Magic Slate

On January 27th Apple is expected to announce its new tablet, although no official confirmation has been given whatsoever. The Apple policy is to develop new products in complete secrecy and than, when the product is announced, take the world by surprise. Apple has brought game changing  products in the past and the surprise effect at its announcement has been significant. Then, over time, people know they can expect and start anticipating on future Apple move which results in a huge circuit of rumor and speculations. Part of the fun of being an Apple Fanboy is taking part in this circuit and think about my own expectations.

The name

MacRumors discovered that Apple owns the domain name iSlate.com which might, just might, give an indication of the name of the new tablet. Slate is not a very international word, I had to search for its meaning. It translates to “lei” in Dutch, “Schiefer” in German, “ardoise” in French. It is an old-fashioned concept as well.

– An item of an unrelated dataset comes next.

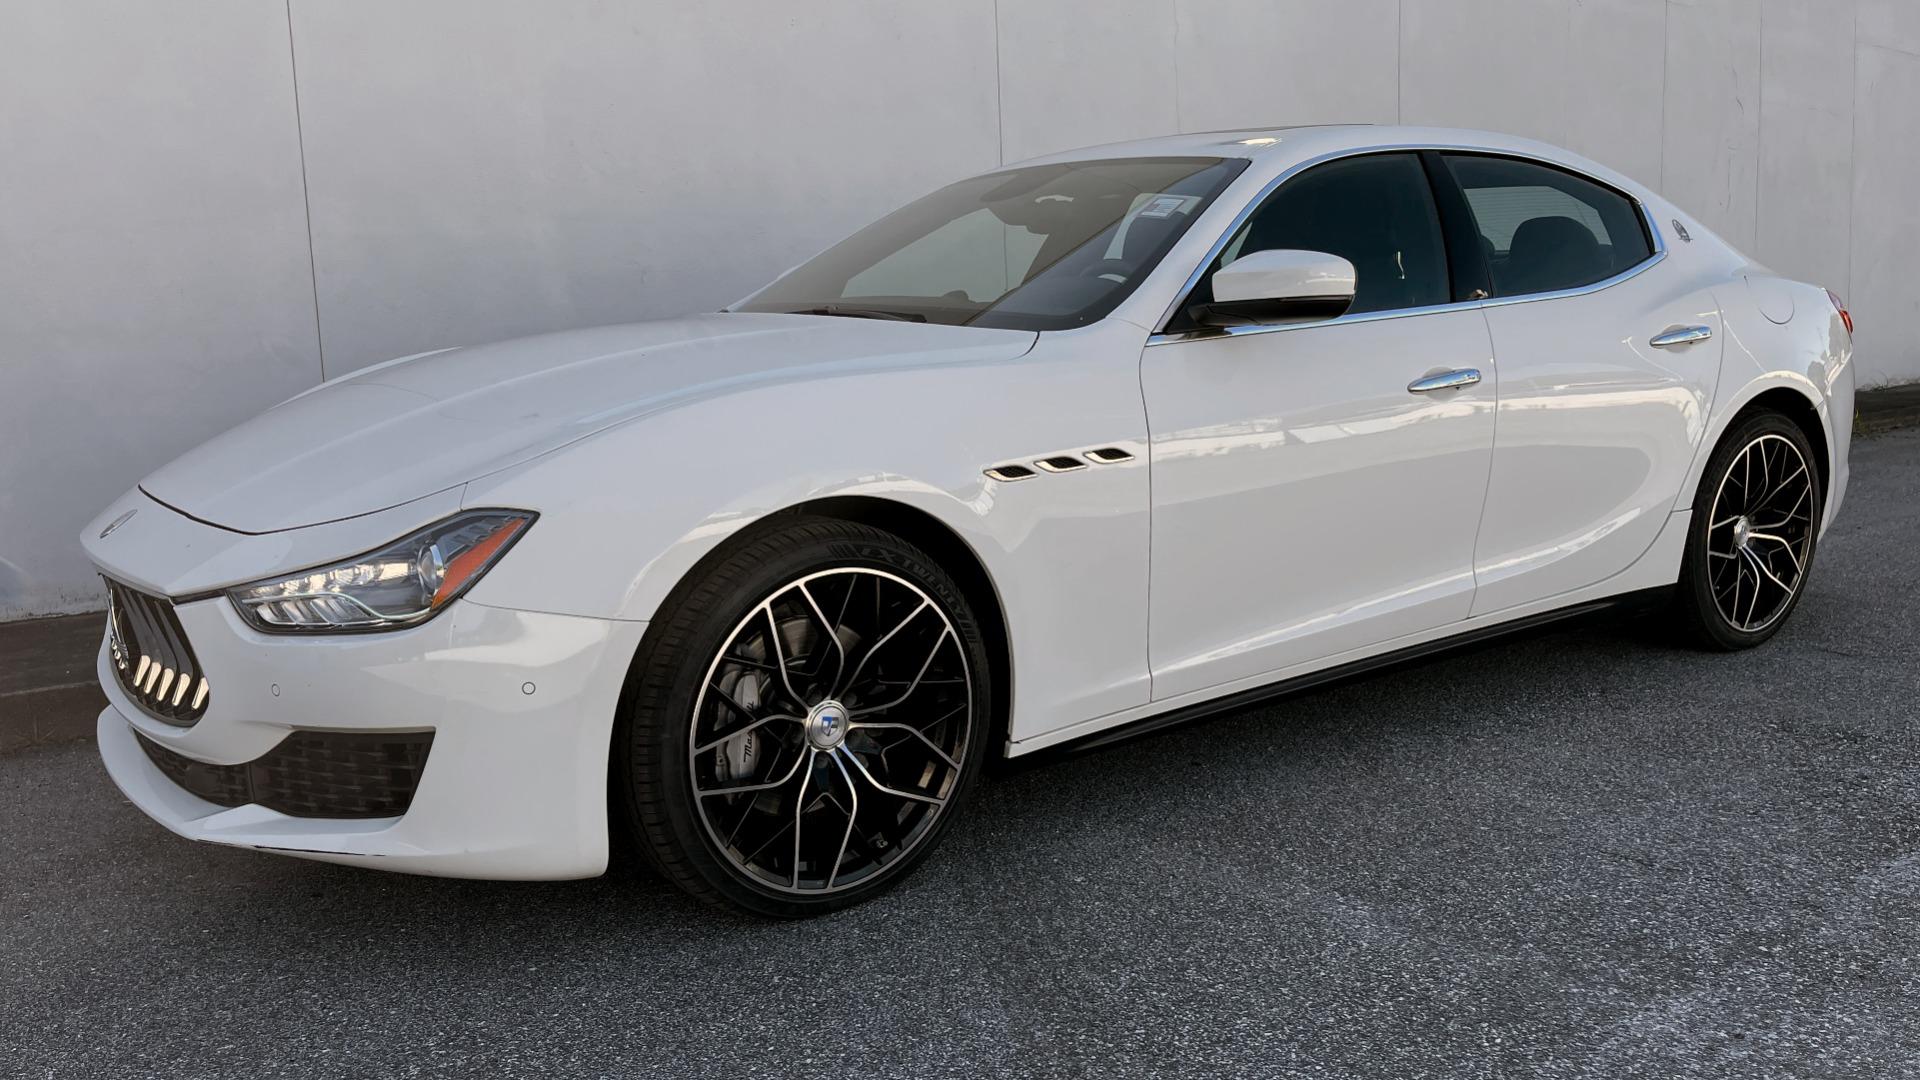 Used 2018 Maserati GHIBLI SEDAN / RWD / 3.0L V6 / SUNROOF / NAV / REARVIEW for sale $42,995 at Formula Imports in Charlotte NC 28227 4

As a child I have used a slate at primary school, near Geneva, both in Switzerland and in France. But in the Netherlands we didn’t have slates, we wrote on paper. Wikipedia says it was used in the 1800s to allow children to practice writing and it appears to have become obsolete in the 20th Century. Still, I keep warm memories of the device. We wrote on it with slate pencils that were just like normal pencils but with a white chalk like substance in the middle instead of the normal black graphite. These slate pencils allowed to write in the same size as you would on paper so on a 10 inch slate you could get a whole page of text. It was used for various things like calculation or dictation and then, when you finished your task, the master would erase it with a wet sponge. Just like other childhood memories there is an aura of magic around the concept, it belongs to a time and environment when I still believed in fairy tales.

Instead of the English “slate” I try and search for the French “ardoise”. To my surprise, and despite the notions of obsolescence, the product is currently available for just €2,26 at Bureau Rhone-Alpes, established in Lyon, France. So maybe they are still used today. It would make kind of sense because Geneva and Lyon are in a mountainous region where slate stone is a natural resource.

Would such an old-fashoned concept be the right match for naming the most innovative product we talk of today? I think it does. The old concept allows to establish an emotional binding which is extremely important for an innovative product. And it refers to Magic Slates in ancient fairy tales that do exactly the kind of thing you might expect from an Apple tablet.

A counterintuitive move

In the tech world Apple is the leader with new, innovative ideas, Microsoft is the follower who follows what Apple has thought out and who is desperately unable to come with original ideas of its own. Yet Microsoft has been first to experiment with a tablet, as RoughlyDrafted Magazine points out: “It was almost ten years ago that Bill Gates demonstrated his vision of Tablet PCs at Comdex 2001″ But it went nowhere: “Microsoft’s Tablet PC was too expensive to compete with conventional laptops, too big to be much more mobile than a conventional laptop, and too slow to be useful in place of a conventional laptop.” So, long time after Bill Gates has unsuccessfully been struggling with the tablet PC form factor Steve Jobs would do the exact same thing?

It could be a matter of timing. Surely technology today is more advances and it will be possible to make a tablet that is smaller, cheaper and faster than the Microsoft experiments. Microsoft was too early and didn’t acknowledge that they were not yet able to meet the requirements for the intended use of a tablet, that it simply wasn’t portable and responsive enough to conquer consumers hearts. However, I think there is more than form factor and tech specs to look at.

Supply chain

Technology is not about solitary devices. Gadgets that only refer to themselves as a reason for existence (with impressive spec and feature lists) are bound to end up as crap on the bottom of a drawer. Technology can only be successful when it connects somehow to its environment, it should be part of a supply chain that does useful things. With new technology the supply chain does not yet exist or has to be fundamentally revised. Organizing a supply chain is way harder than engineering a standalone gadget.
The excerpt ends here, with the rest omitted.